[Stored data]
┄┄┄┄┄┄┄┄┄┄

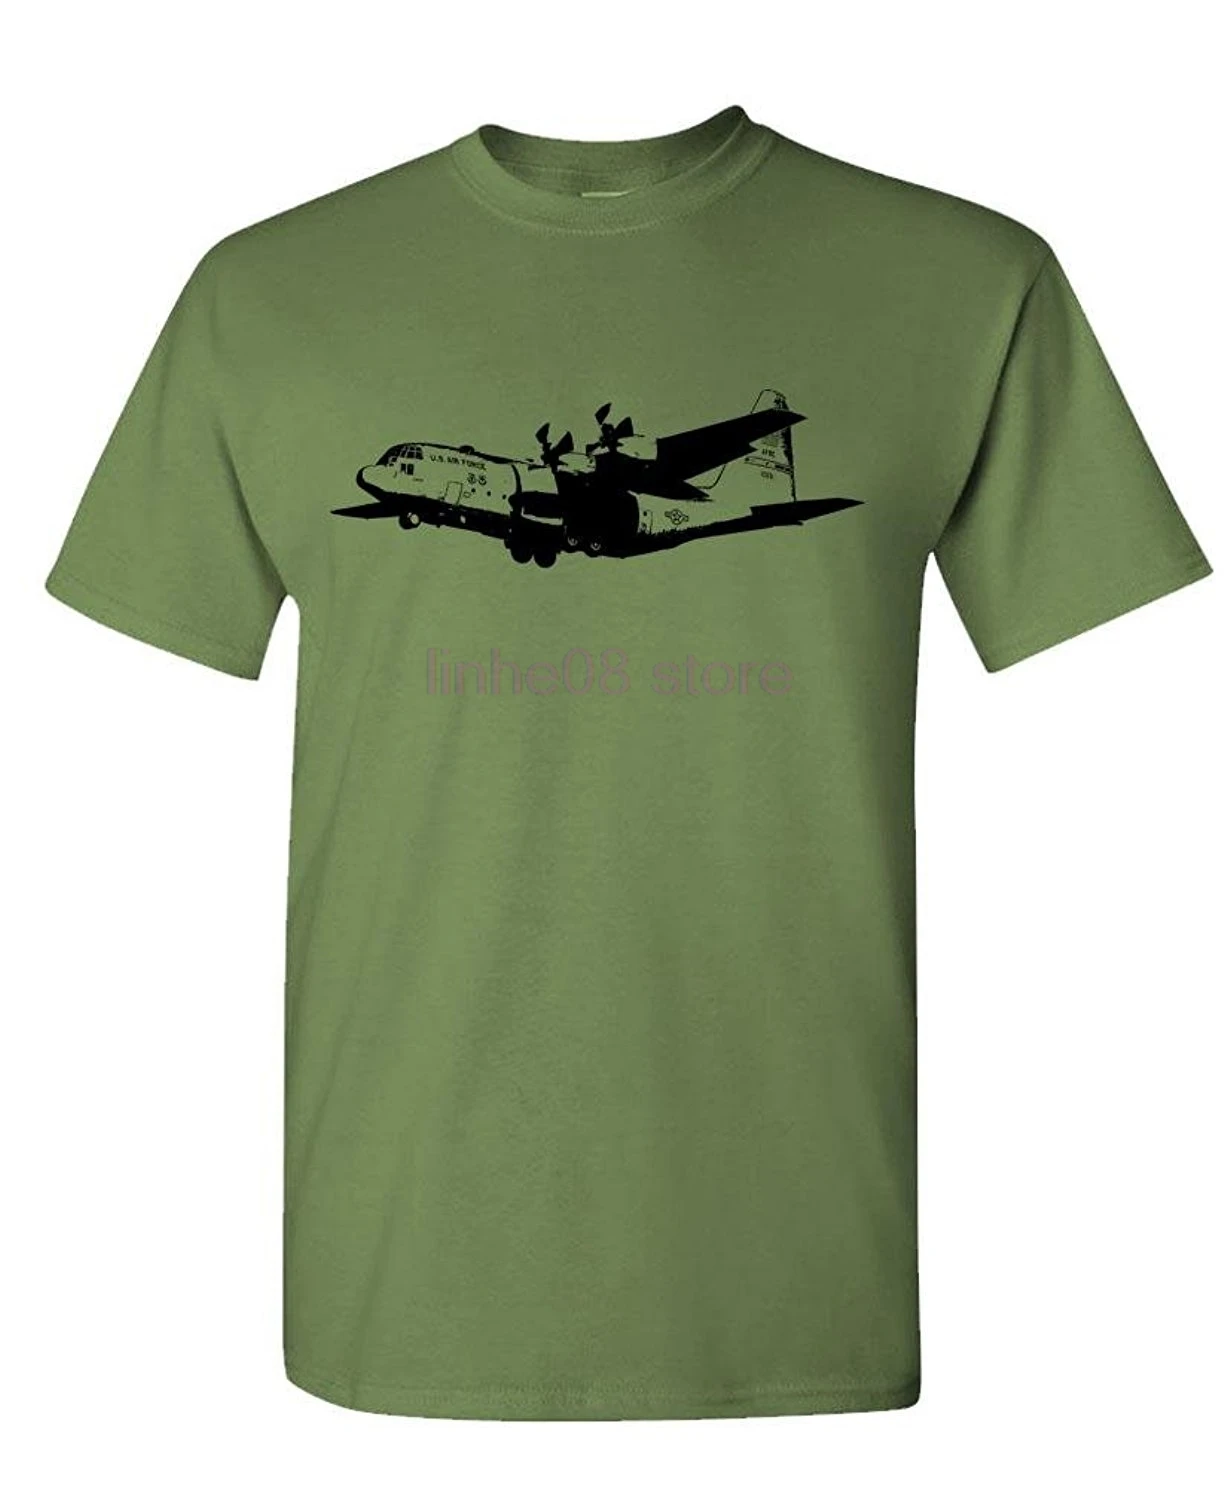 Футболка мужские футболки хипстер Топы Футболка с принтом летние шорты унисекс больше размеров и цветов-C-130 грузовой самолет-Мужская
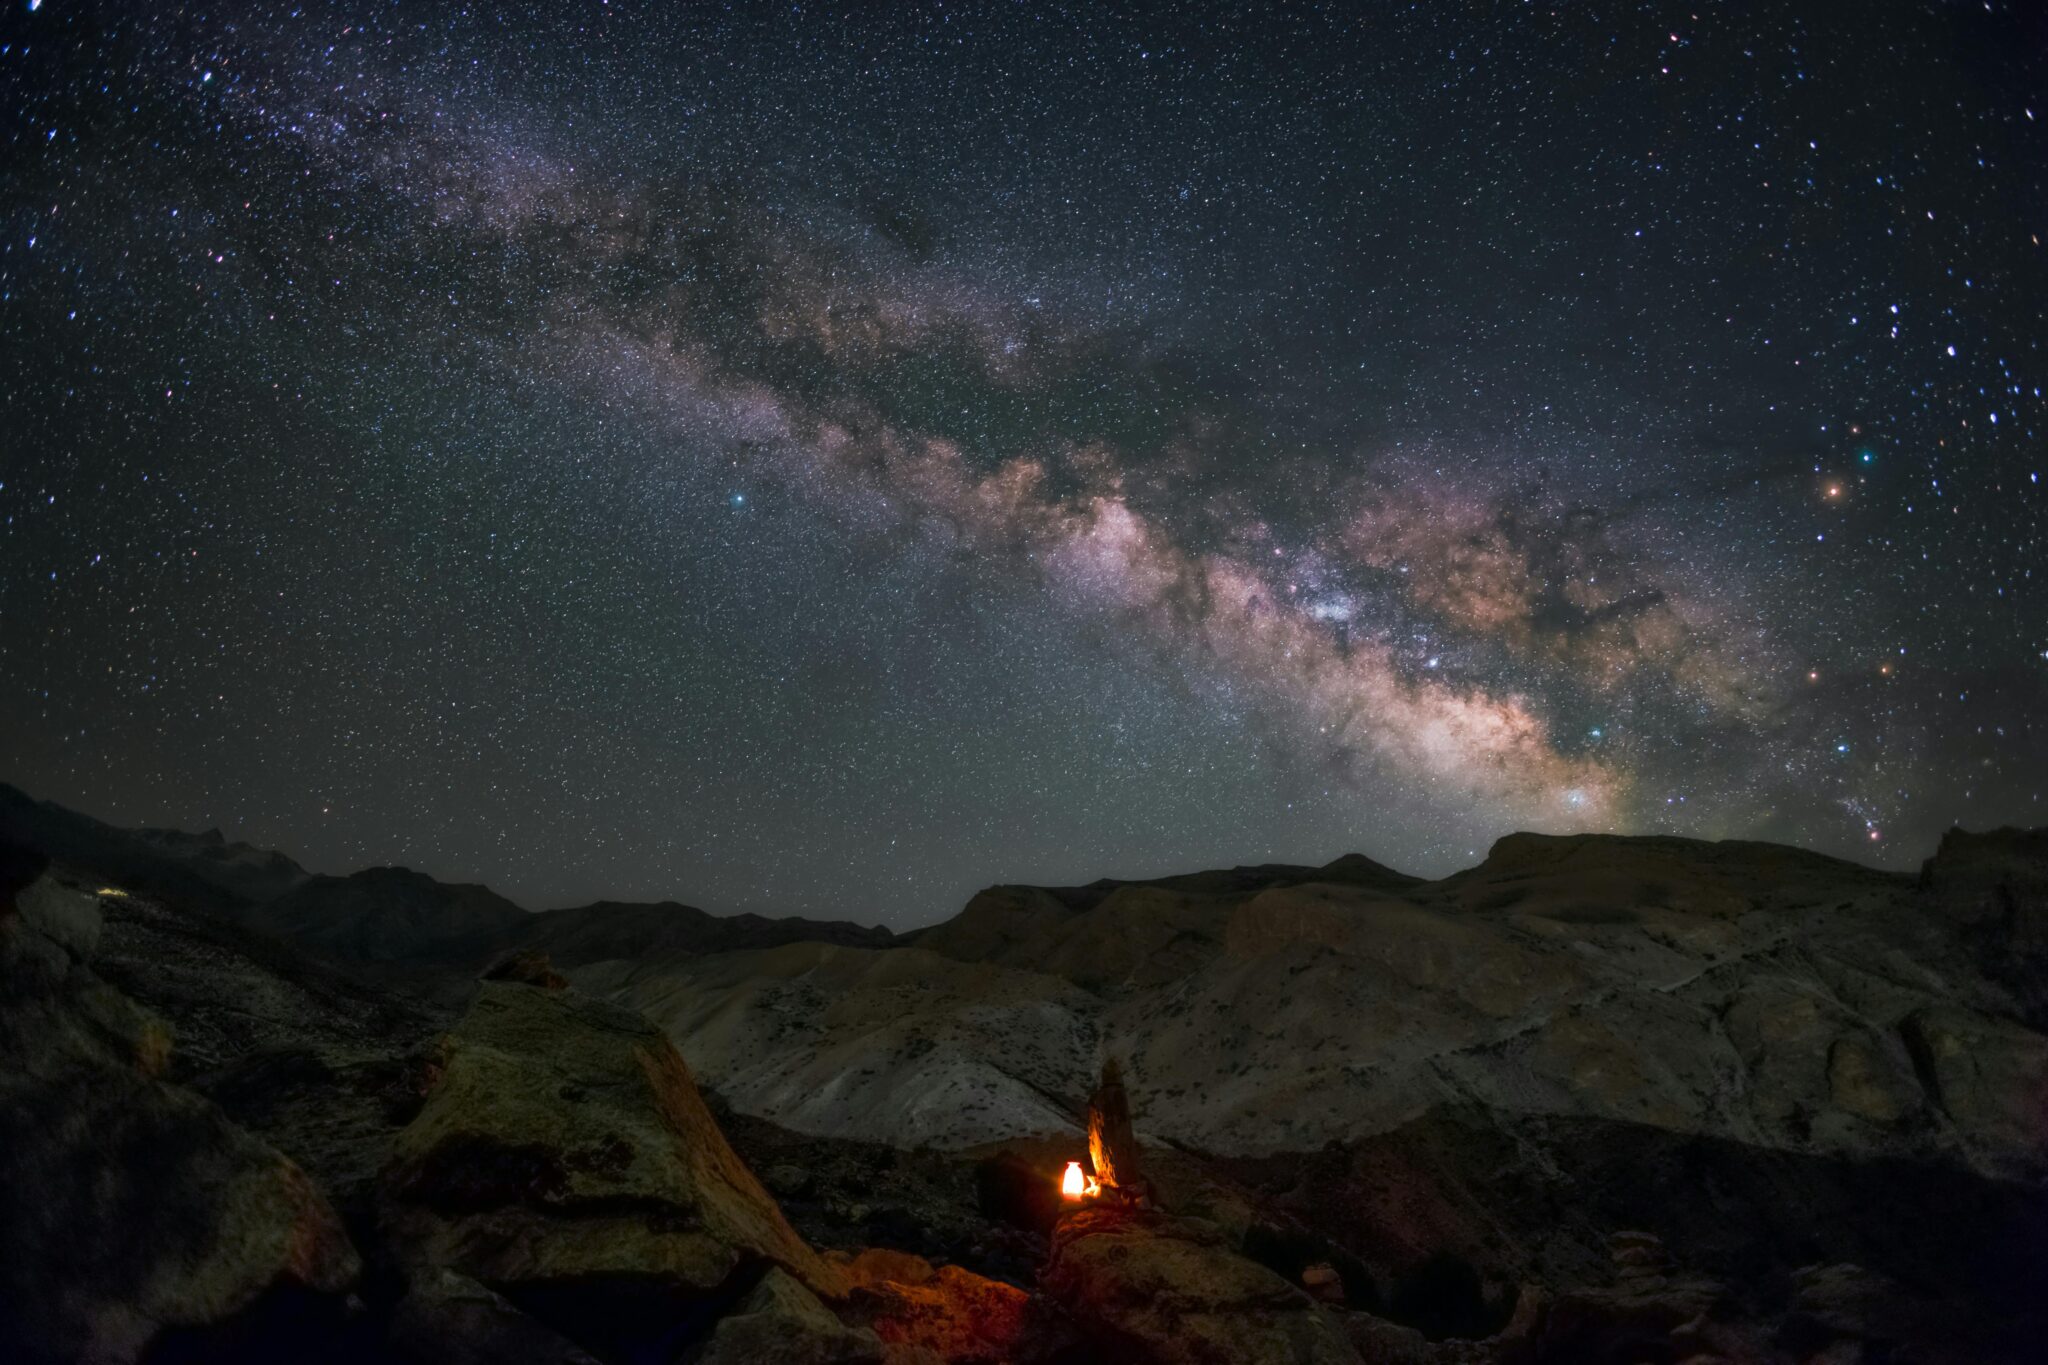 Ladakh starry skies
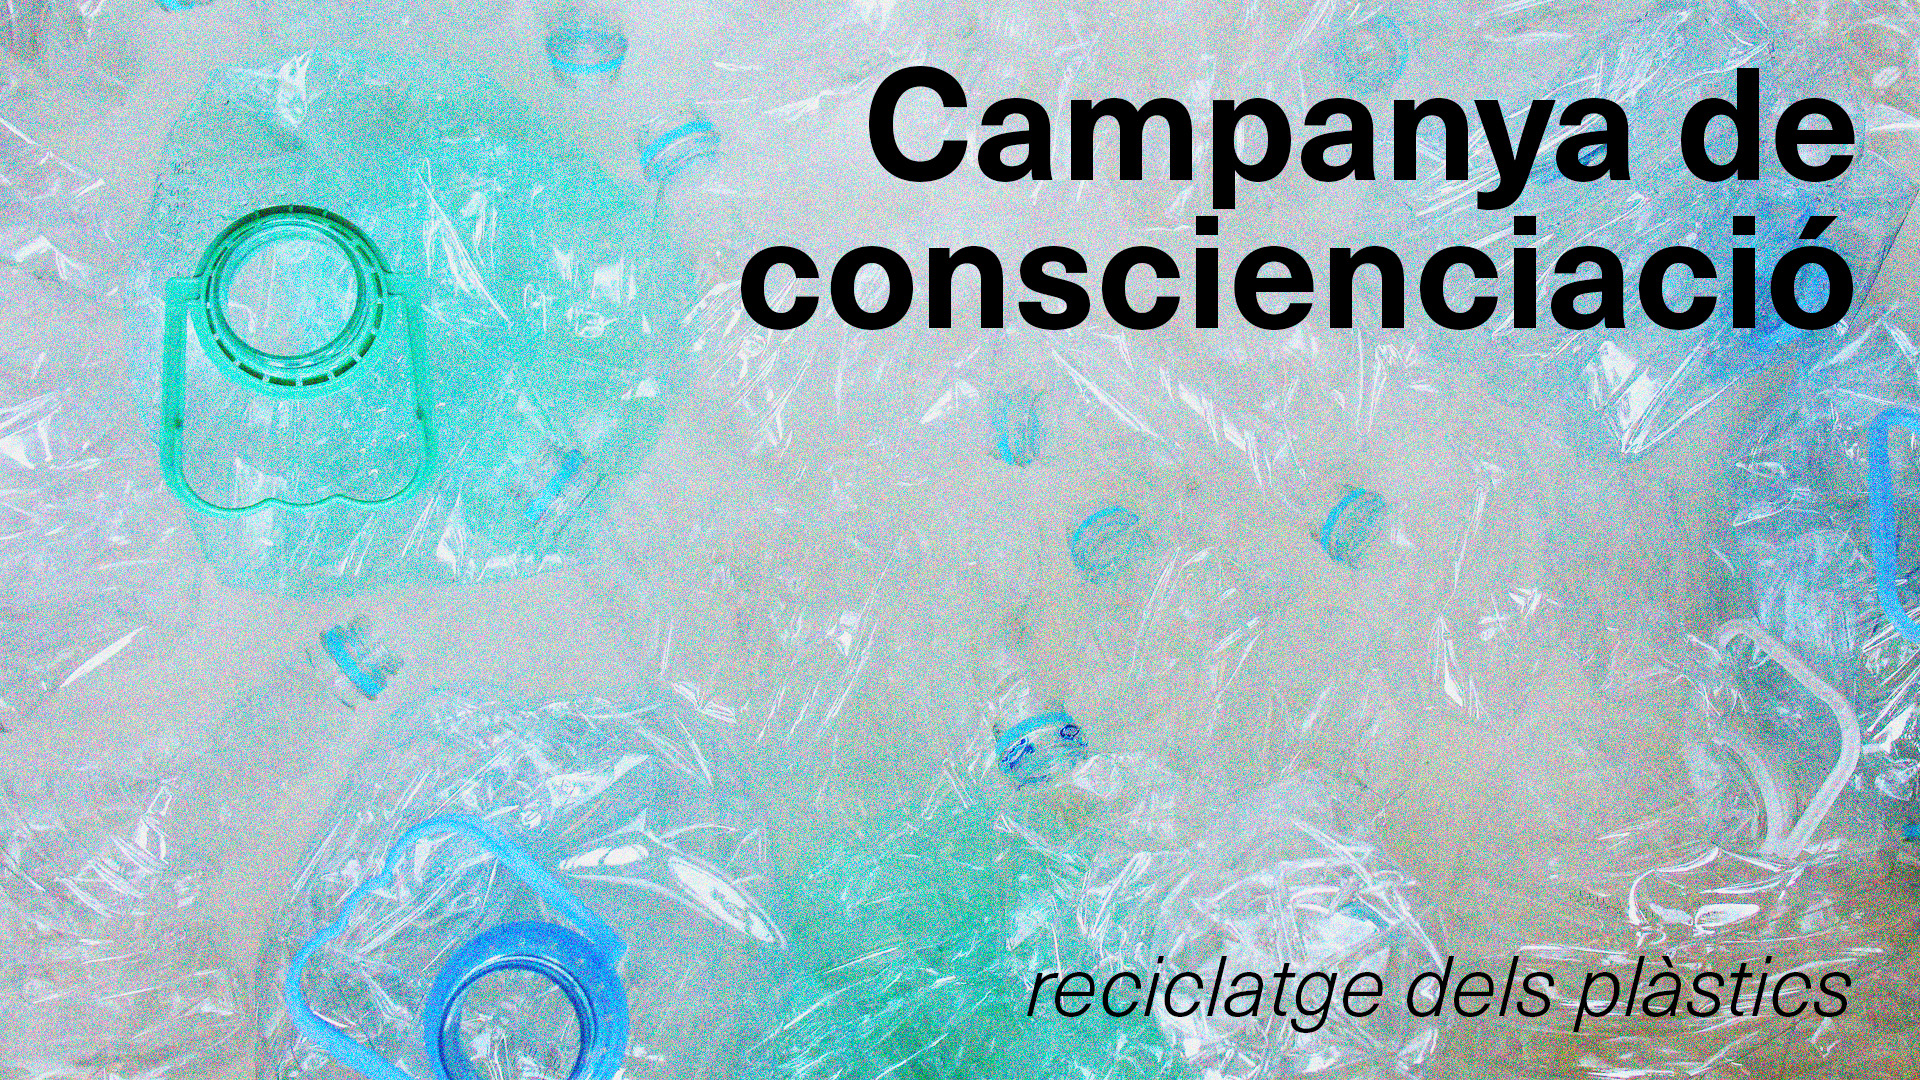 Campanya de conscienciació del reciclatge dels plàstics
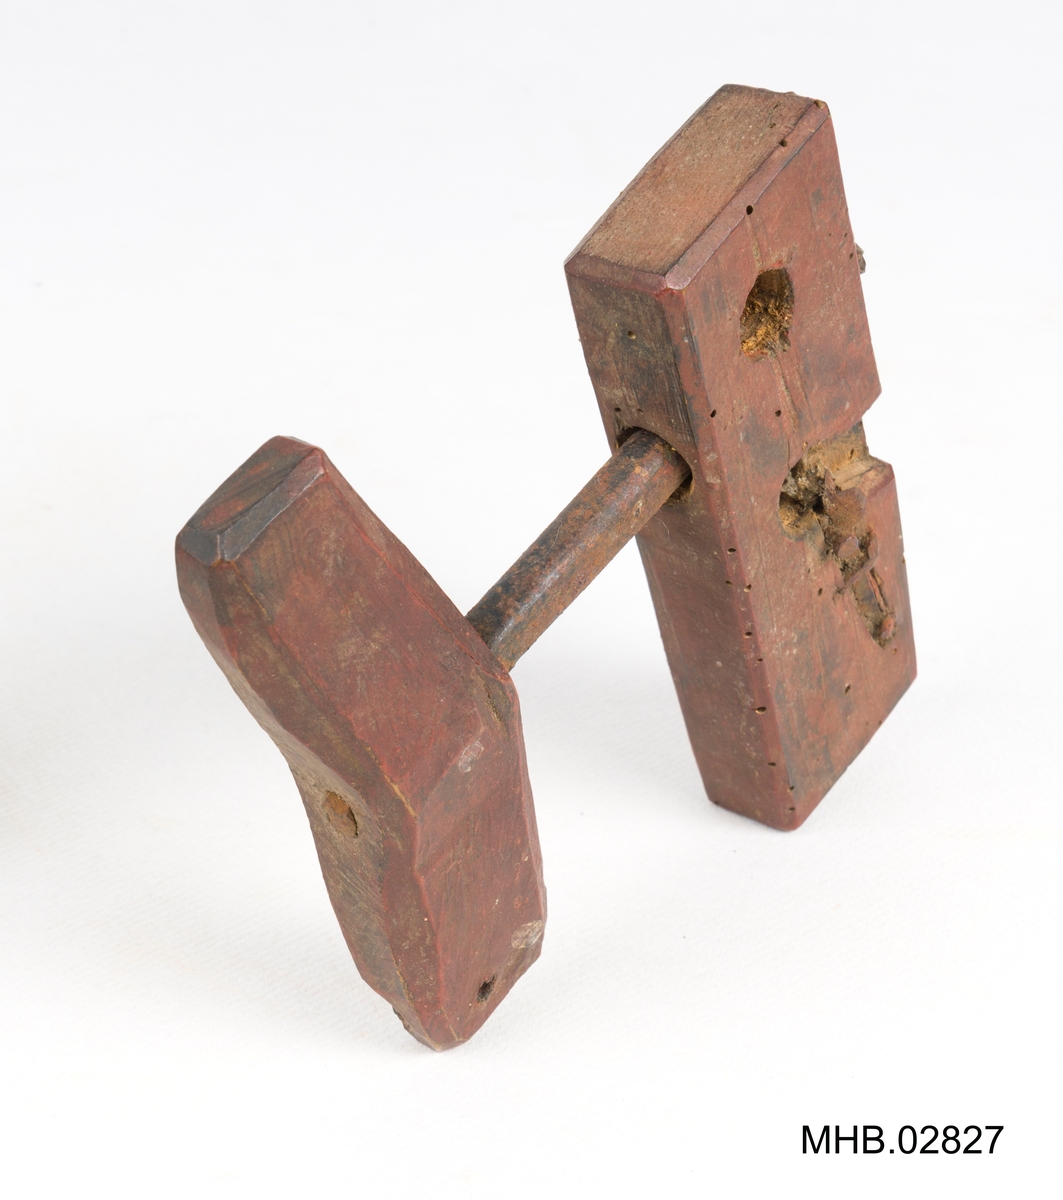 Snitt til å lage skruegjenger i tre.
Bestående av to deler; en treklosse med 3 hull og et håndtak med jernbor.

┄┄┄┄┄┄┄┄┄┄

Exercise details
Only text belongs in the copy: repeat each line of the data exactly and leave out the pictures.

Output below
 Футболка мужские футболки хипстер Топы Футболка с принтом летние шорты унисекс больше размеров и цветов-C-130 грузовой самолет-Мужская
 Ladakh starry skies
 Campanya de conscienciació del reciclatge dels plàstics
 Snitt til å lage skruegjenger i tre.
Bestående av to deler; en treklosse med 3 hull og et håndtak med jernbor.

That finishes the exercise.